Your task >> Where the material below has a line containing "Nicholas Nixon, View", start repeating exactly, and keep going through the line containing "Nikon D750 with", with no other lines.

Source data >>
──────

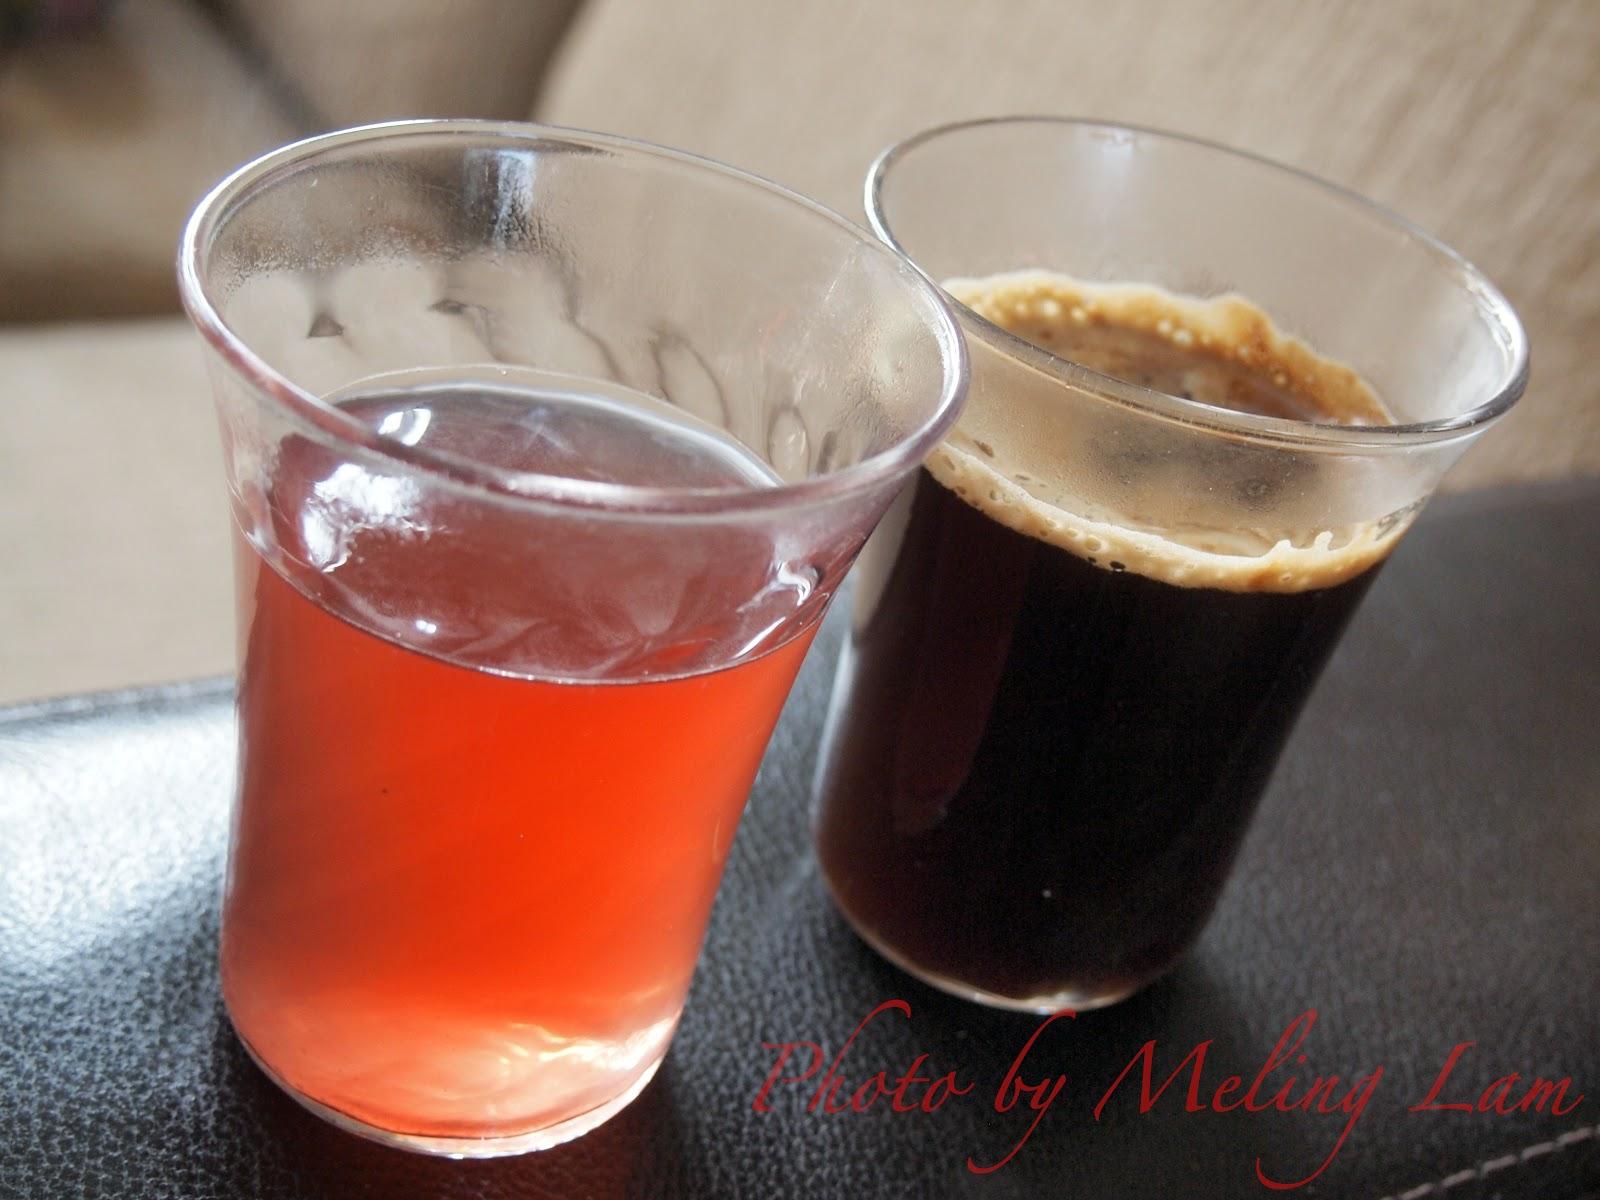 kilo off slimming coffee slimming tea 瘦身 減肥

──────

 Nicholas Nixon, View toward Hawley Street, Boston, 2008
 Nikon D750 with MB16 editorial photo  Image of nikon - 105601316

──────

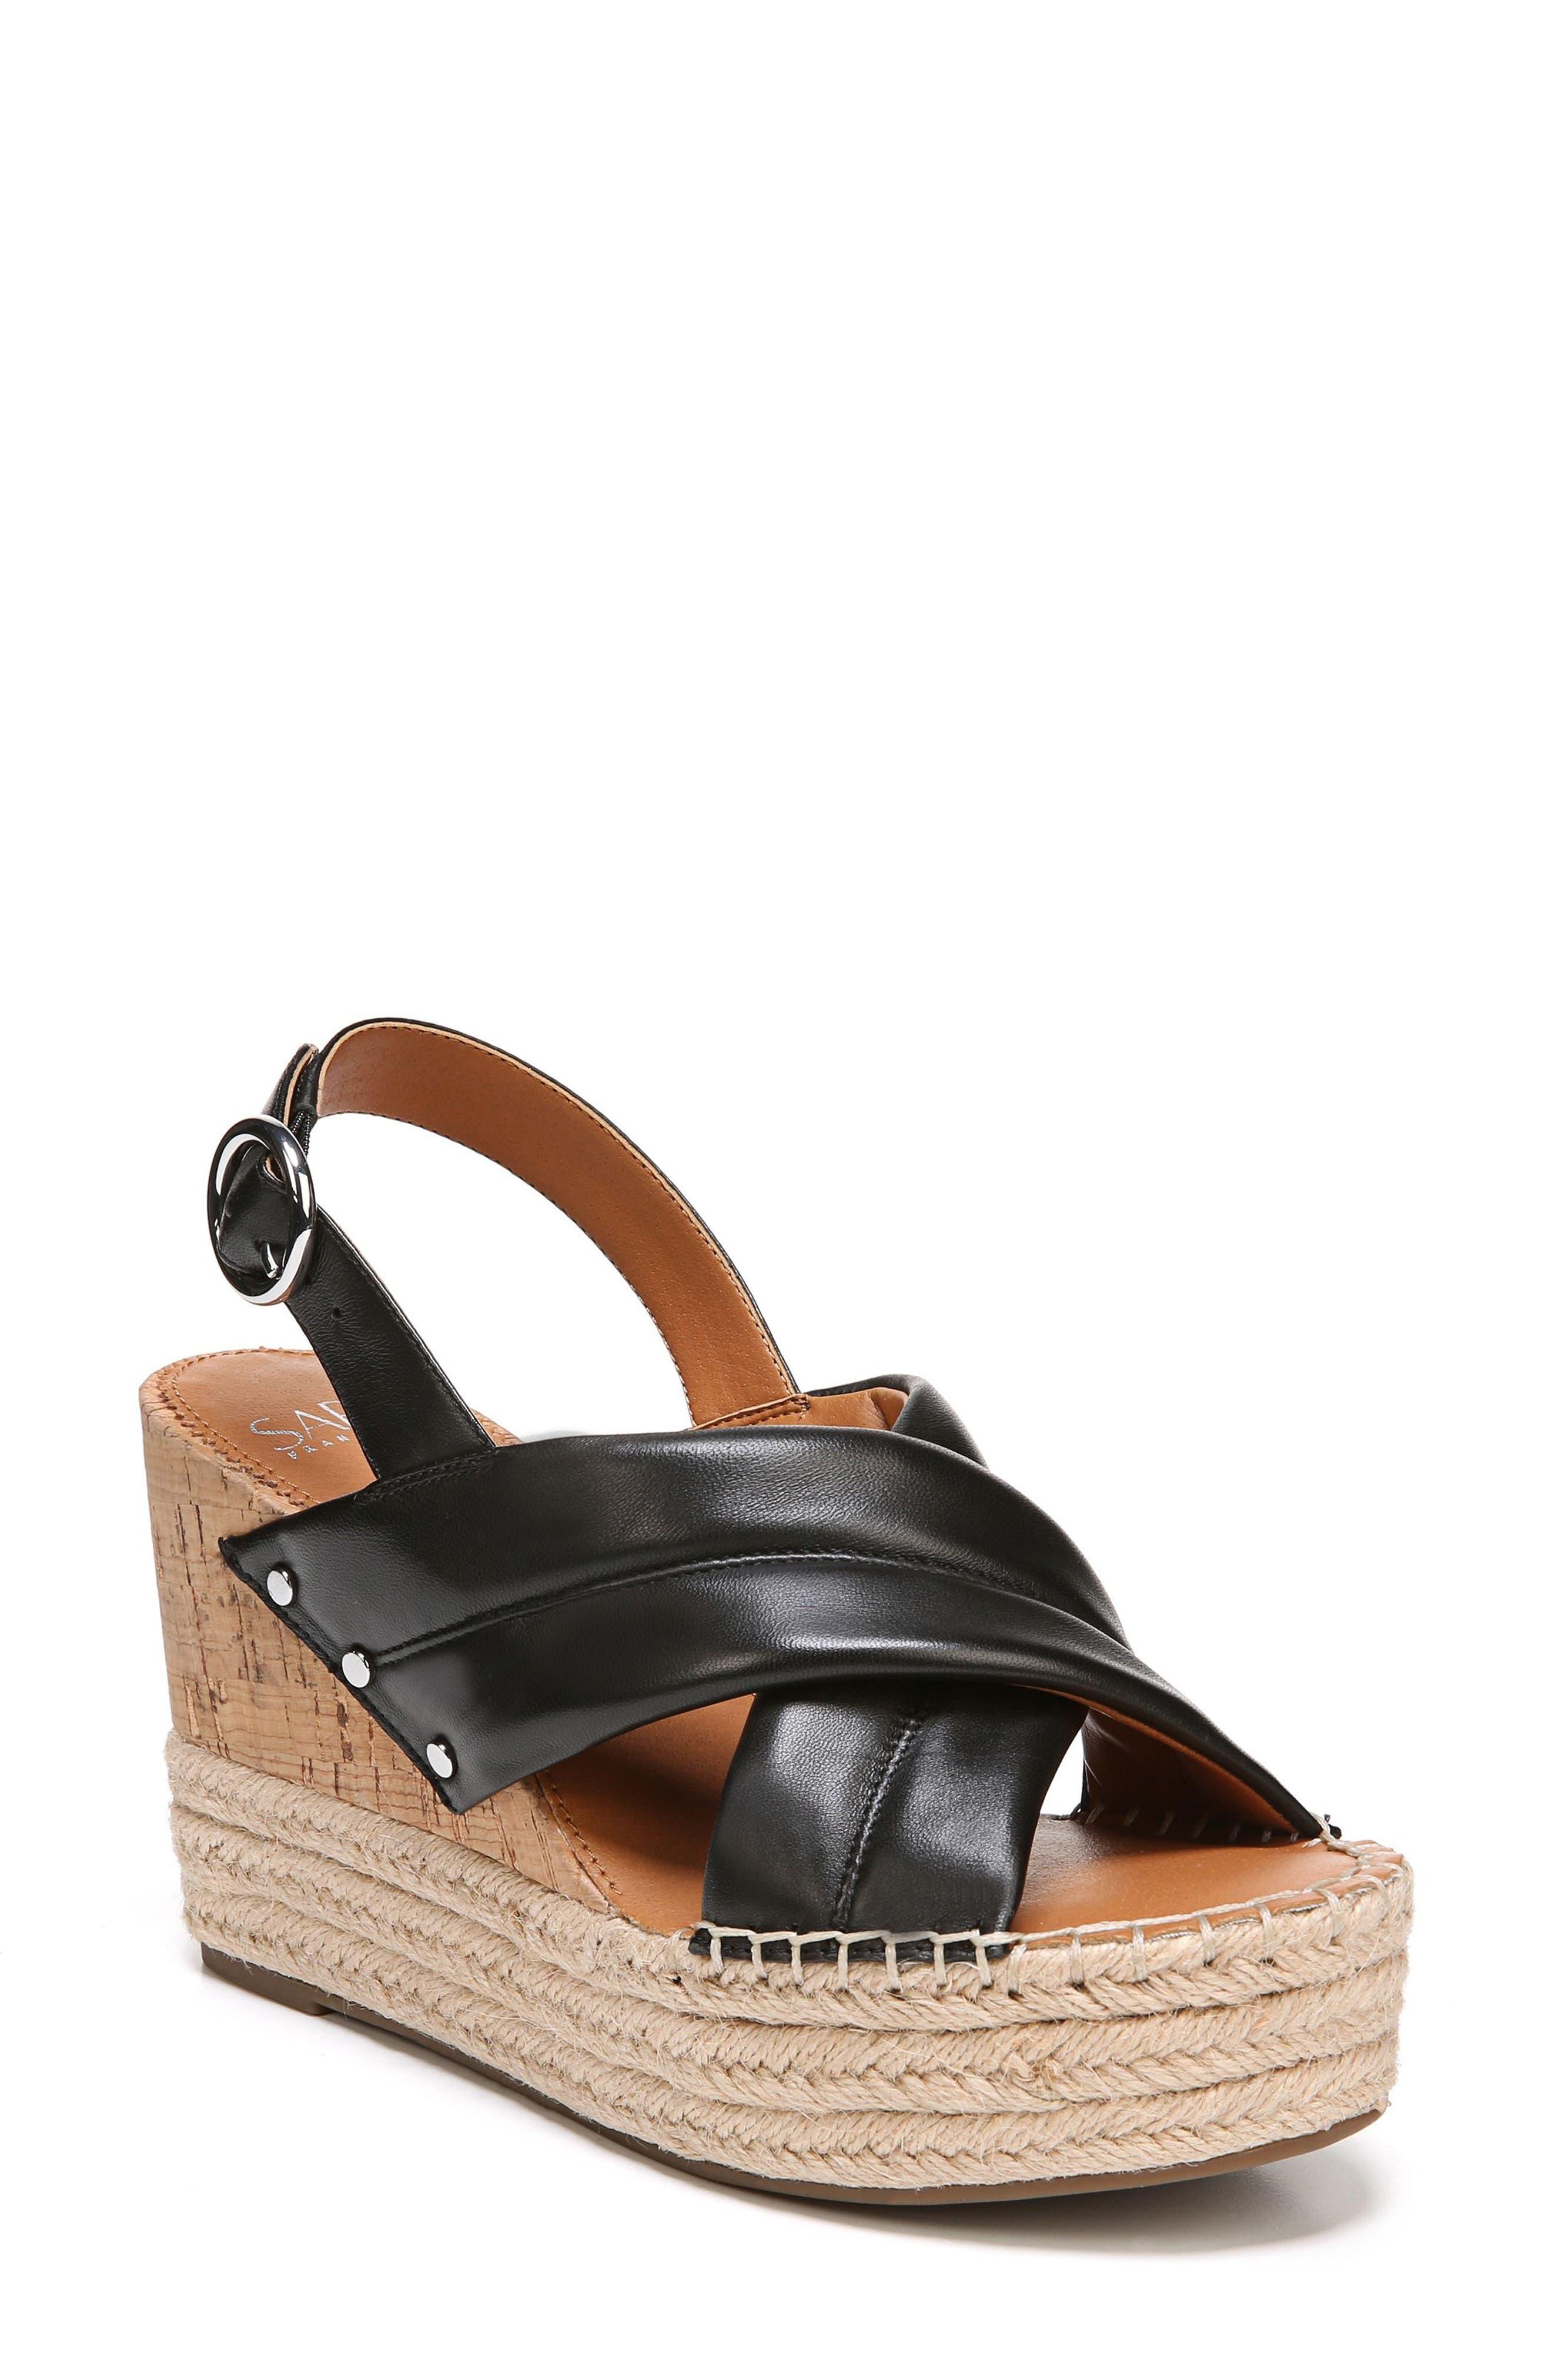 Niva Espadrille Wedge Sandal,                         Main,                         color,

──────

Expected output >>
 Nicholas Nixon, View toward Hawley Street, Boston, 2008
 Nikon D750 with MB16 editorial photo  Image of nikon - 105601316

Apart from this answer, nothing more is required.